DESCRIPTION OF THE TASK ▸
Apart from the pictures, everything in the lines below must be printed exactly.

GIVEN DATA ▸
——————

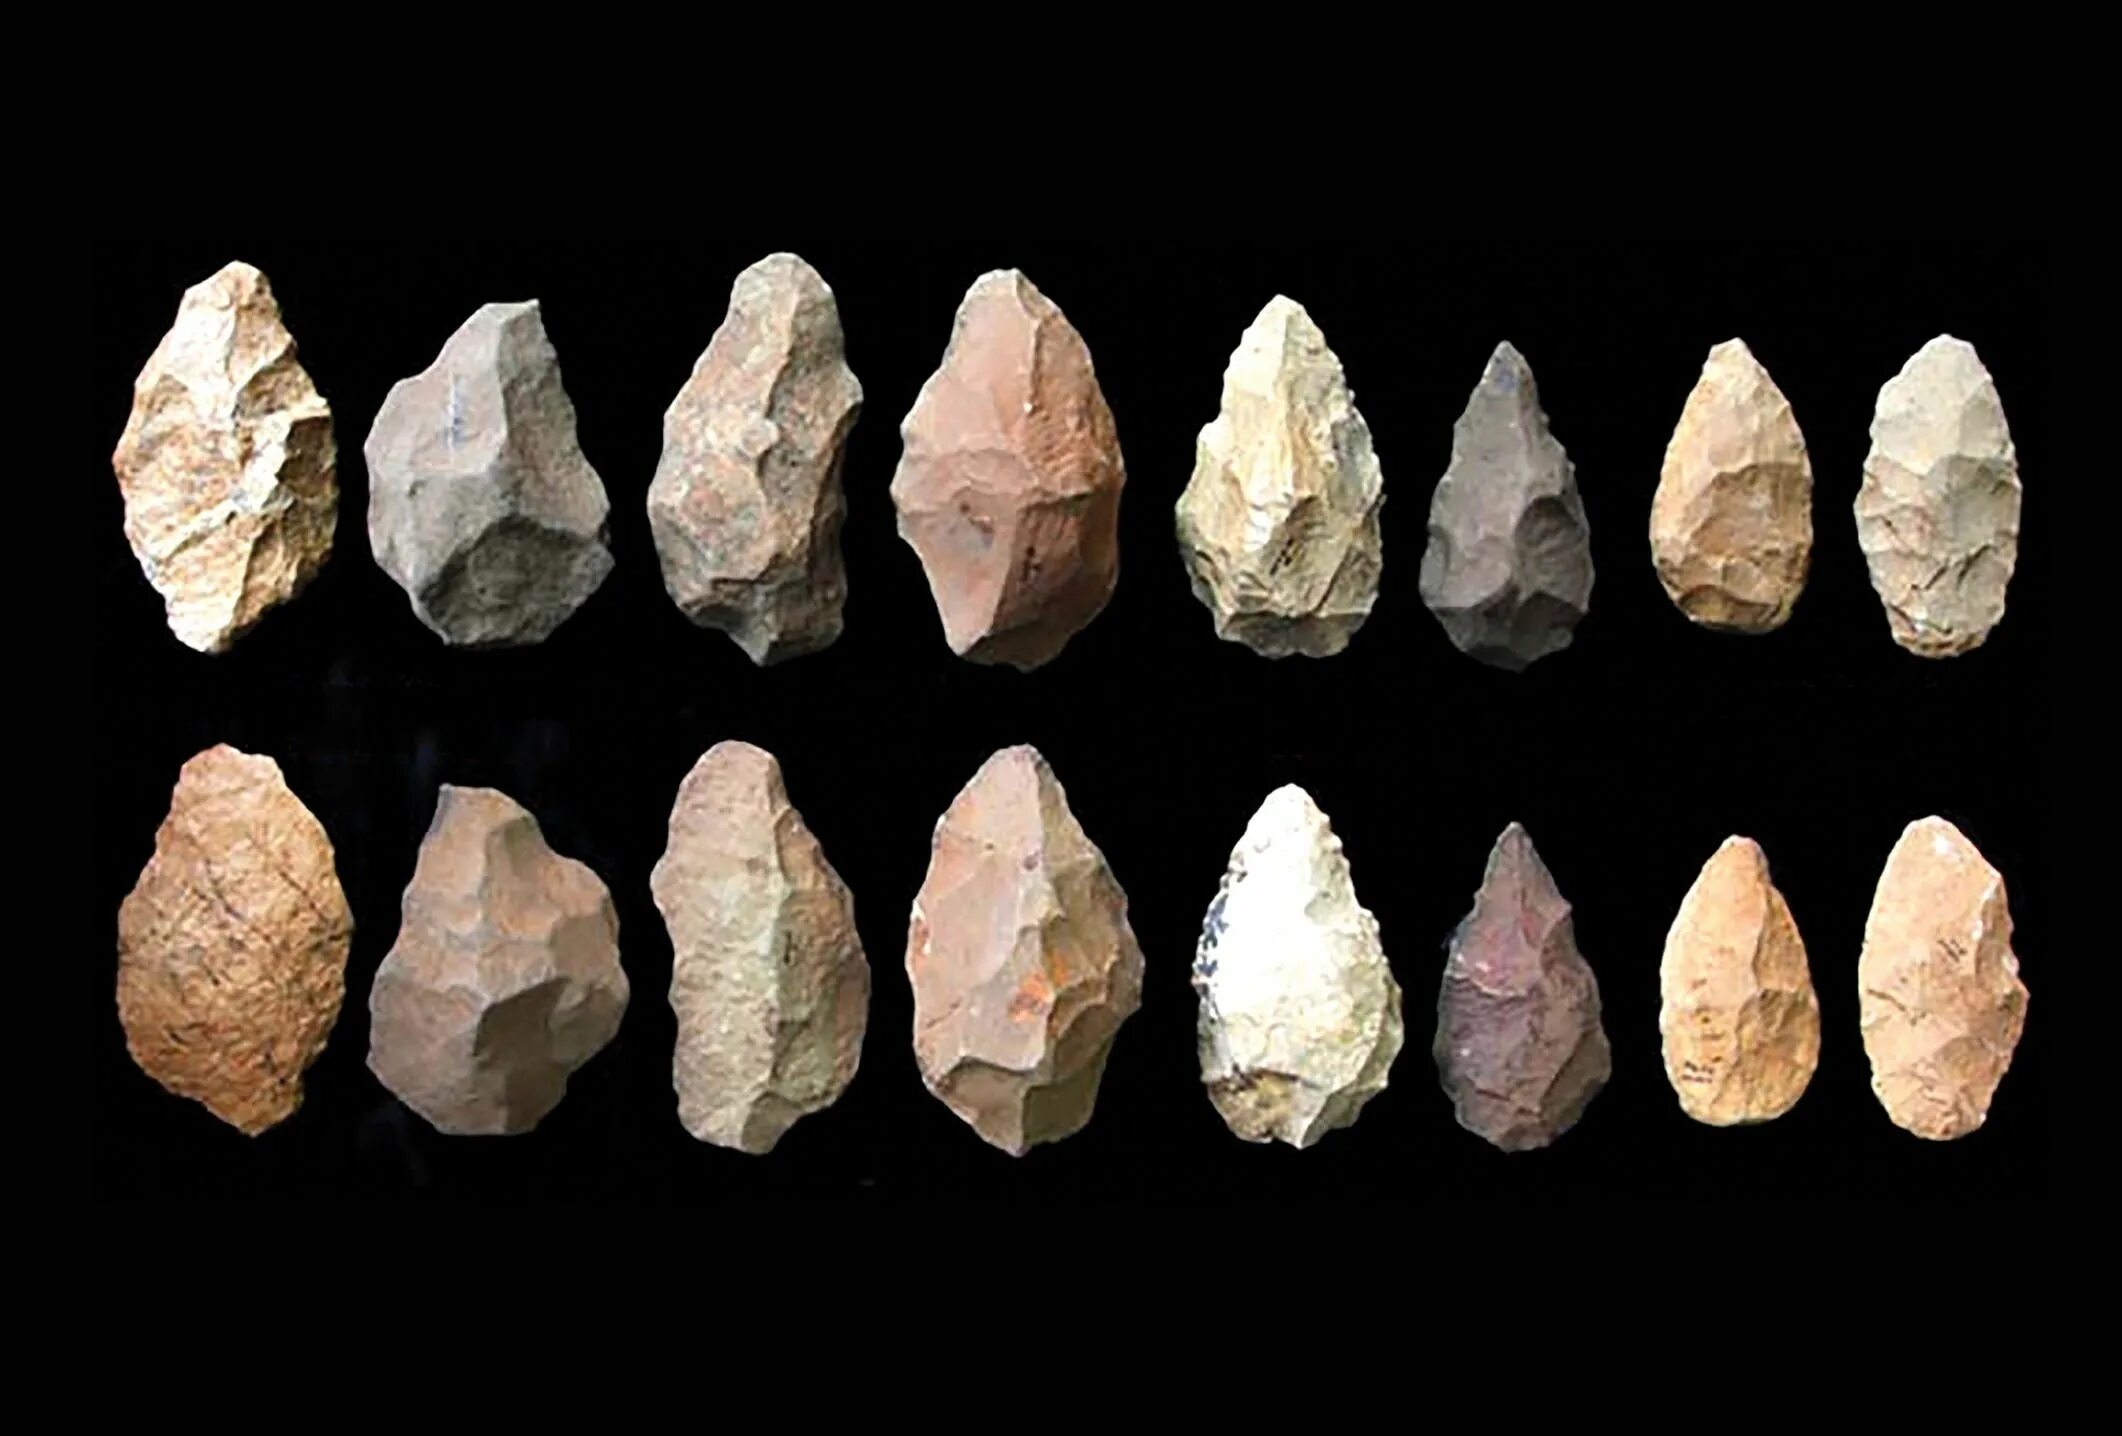 Stone tool. Каменные орудия палеолита. Homo habilis древнейшие каменные орудия. Хомо хабилис орудия труда. Нуклеус палеолит.
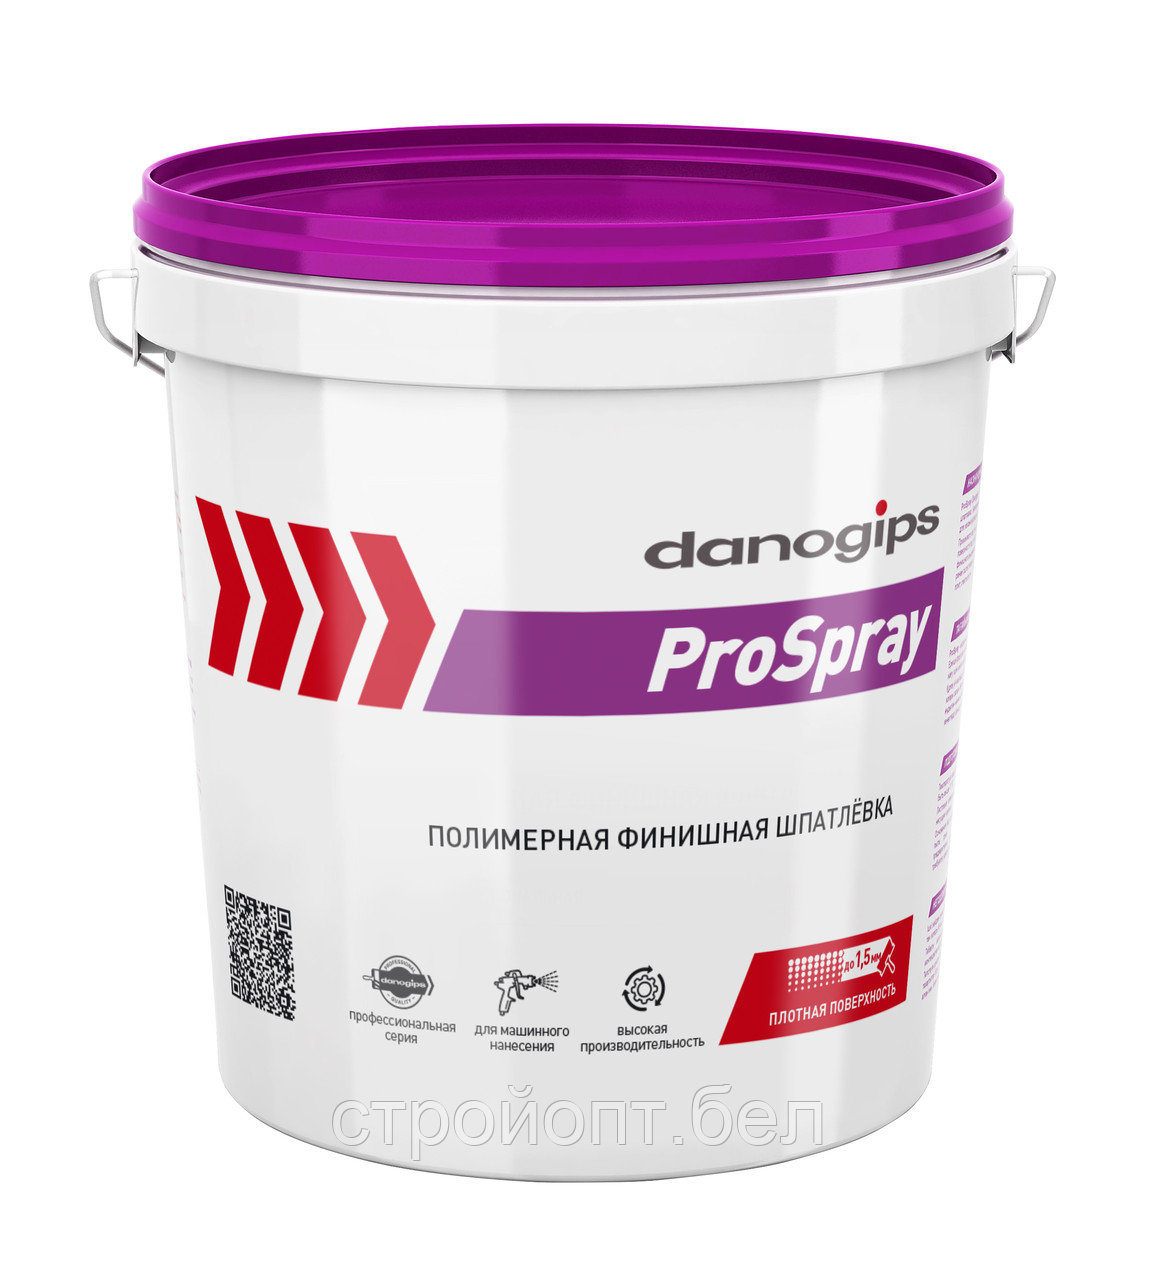 Суперфинишная полимерная шпатлевка для механизированного нанесения DANOGIPS ProSpray, 25 кг, РФ
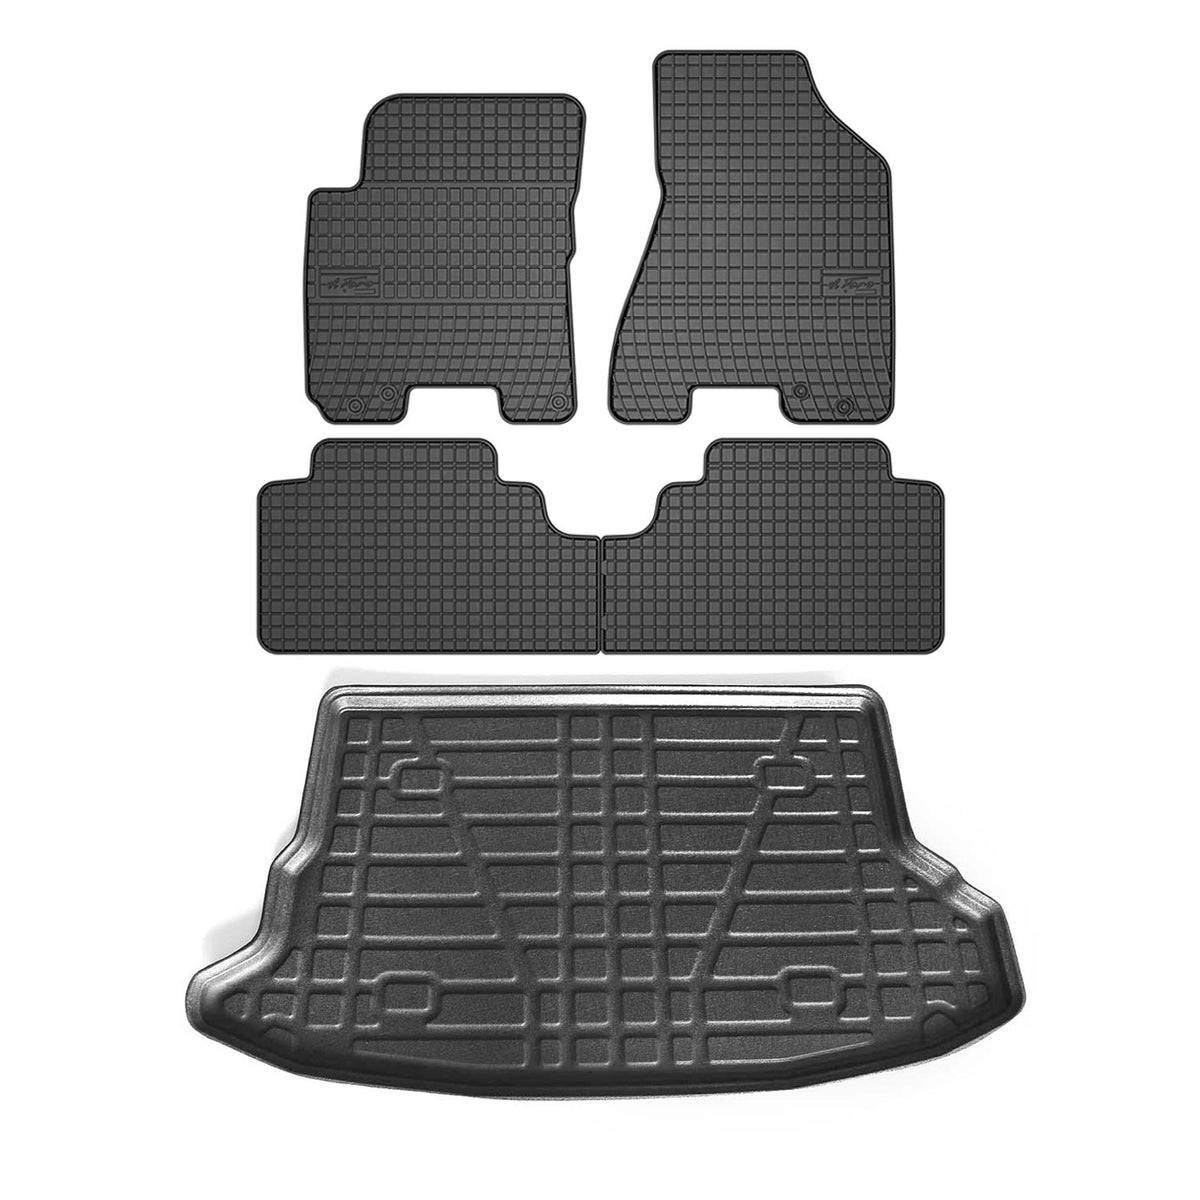 Fußmatten & Kofferraumwanne Set für Hyundai Tucson 2004-2010 Gummi Schwarz 5x
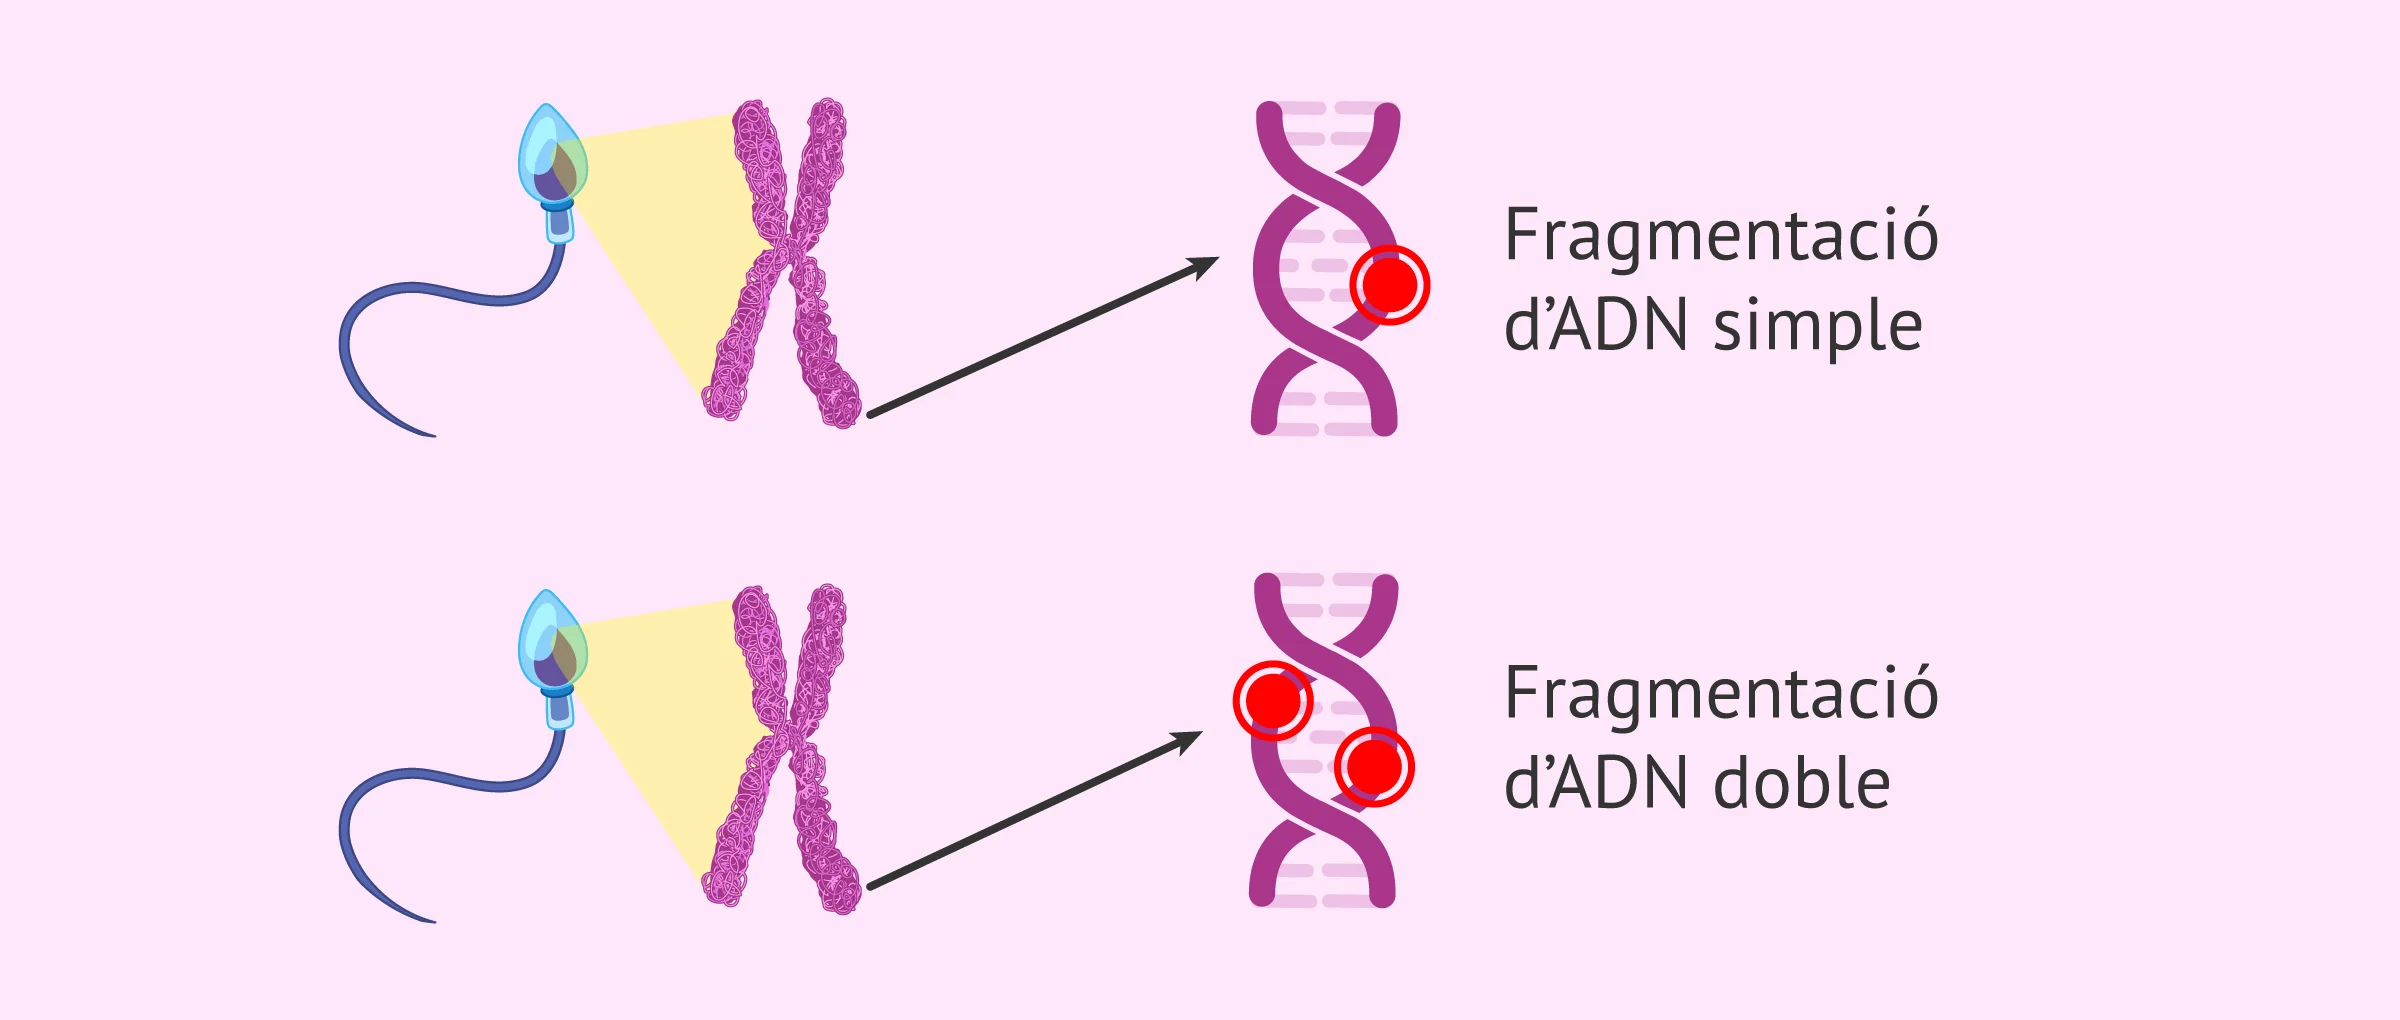 Fragmentació d'ADN espermàtic

——————

ANSWER FOR THE TASK ▸
 Stone tool. Каменные орудия палеолита. Homo habilis древнейшие каменные орудия. Хомо хабилис орудия труда. Нуклеус палеолит.
 Суперфинишная полимерная шпатлевка для механизированного нанесения DANOGIPS ProSpray, 25 кг, РФ
 Fußmatten & Kofferraumwanne Set für Hyundai Tucson 2004-2010 Gummi Schwarz 5x
 Fragmentació d'ADN espermàtic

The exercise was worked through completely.